CUE Art Foundation is pleased to present Chalk Lines, a solo exhibition by Sarah Amos, curated by Barbara Takenaga. Amos, a Tamarind Master Printer, works with large-scale collagraph prints on felt, built up in layers and adorned with hand-stitching and appliqué. In this new body of work, each print holds a world of dynamic textures, patterns, and abstract marks that are simultaneously familiar and imagined, conjuring tactile environments constructed from the assembled surfaces and images.

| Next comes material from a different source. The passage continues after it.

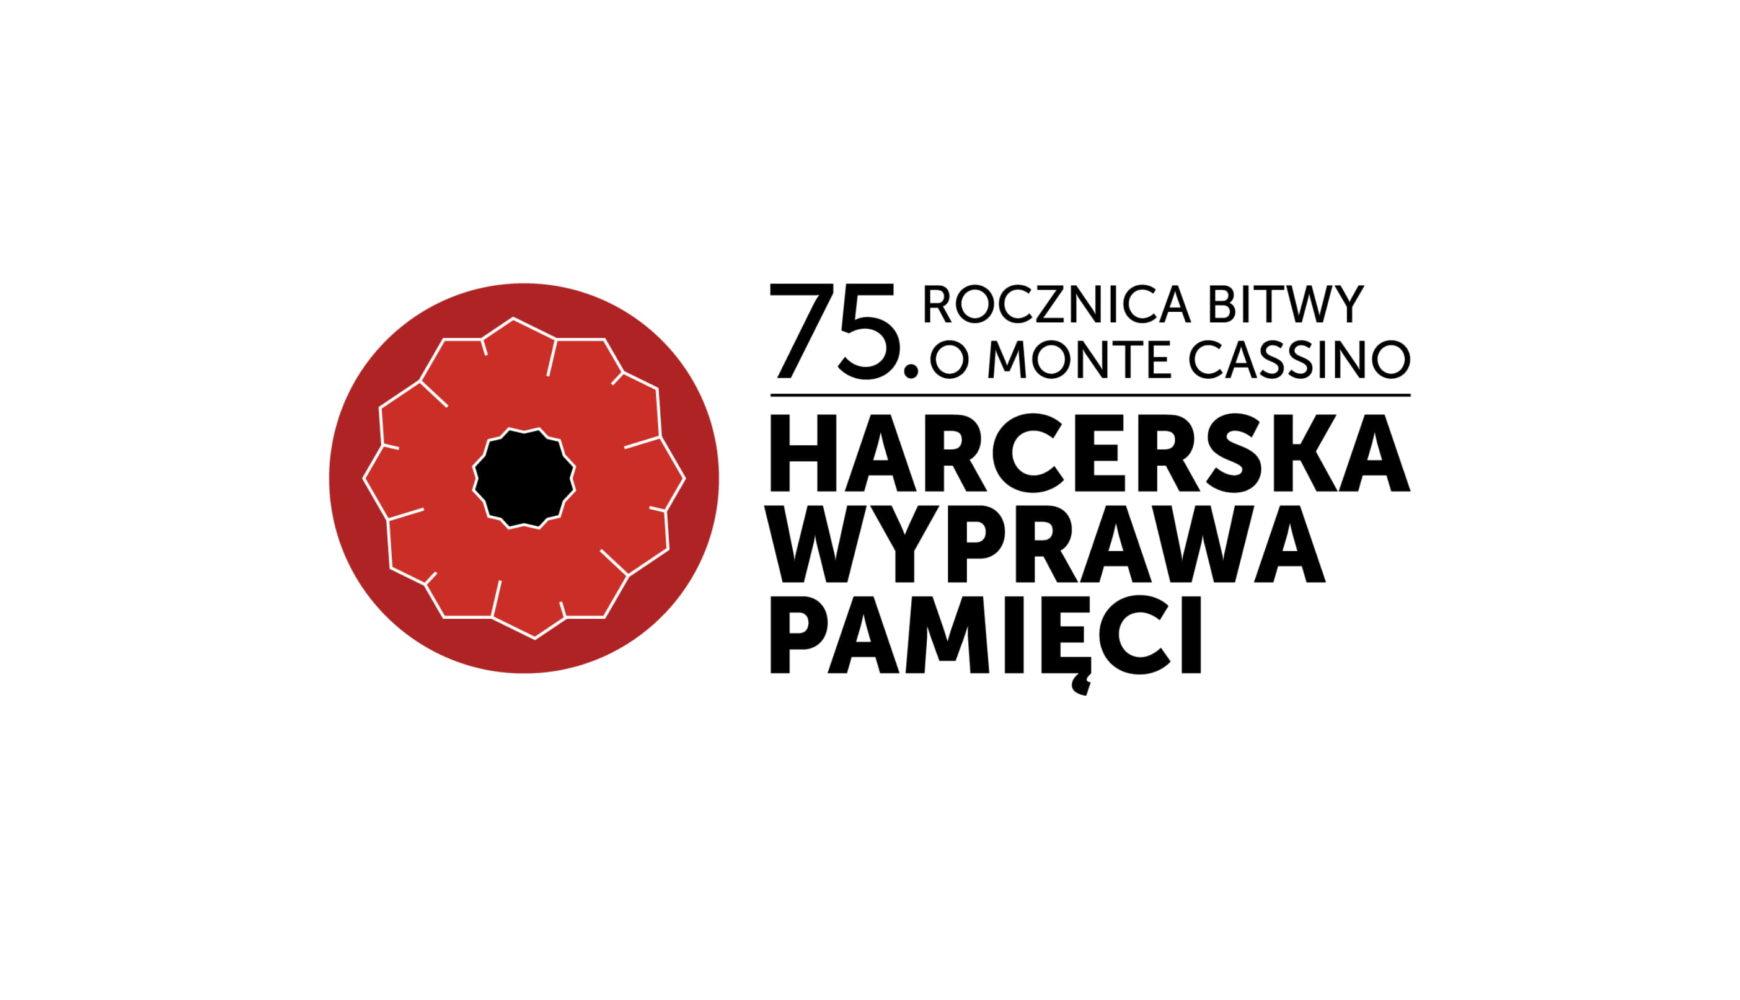 Harcerska Wyprawa Pamięci Monte Cassino wyrusza!

Collagraphy is an intaglio inspired practice in which the printmaker incises, abrades, and applies various textural substances to a flat surface. These collages and lines are then hand inked and printed onto another surface, traditionally paper. The techniques employed by Amos during this process are intimately physical; the artist cuts and scratches into cardboard that she uses to apply ink to felt, which she then adorns with free-form stitching. Although she is engaging with the vocabulary of printmaking, Amos strays from its traditions with her use of felt and thread. Sewing with thread by hand breaks the surface of the print and disrupts the conventions of the medium. It also increases the time and labor required to complete each work and evokes associations with historically gendered craft making and the Pattern and Decoration movement. This process results in images that are not only striking for their visual depth, but also for the ways in which their surfaces rise and fall with the accumulation of material, each woven into the next with wandering trails of thread.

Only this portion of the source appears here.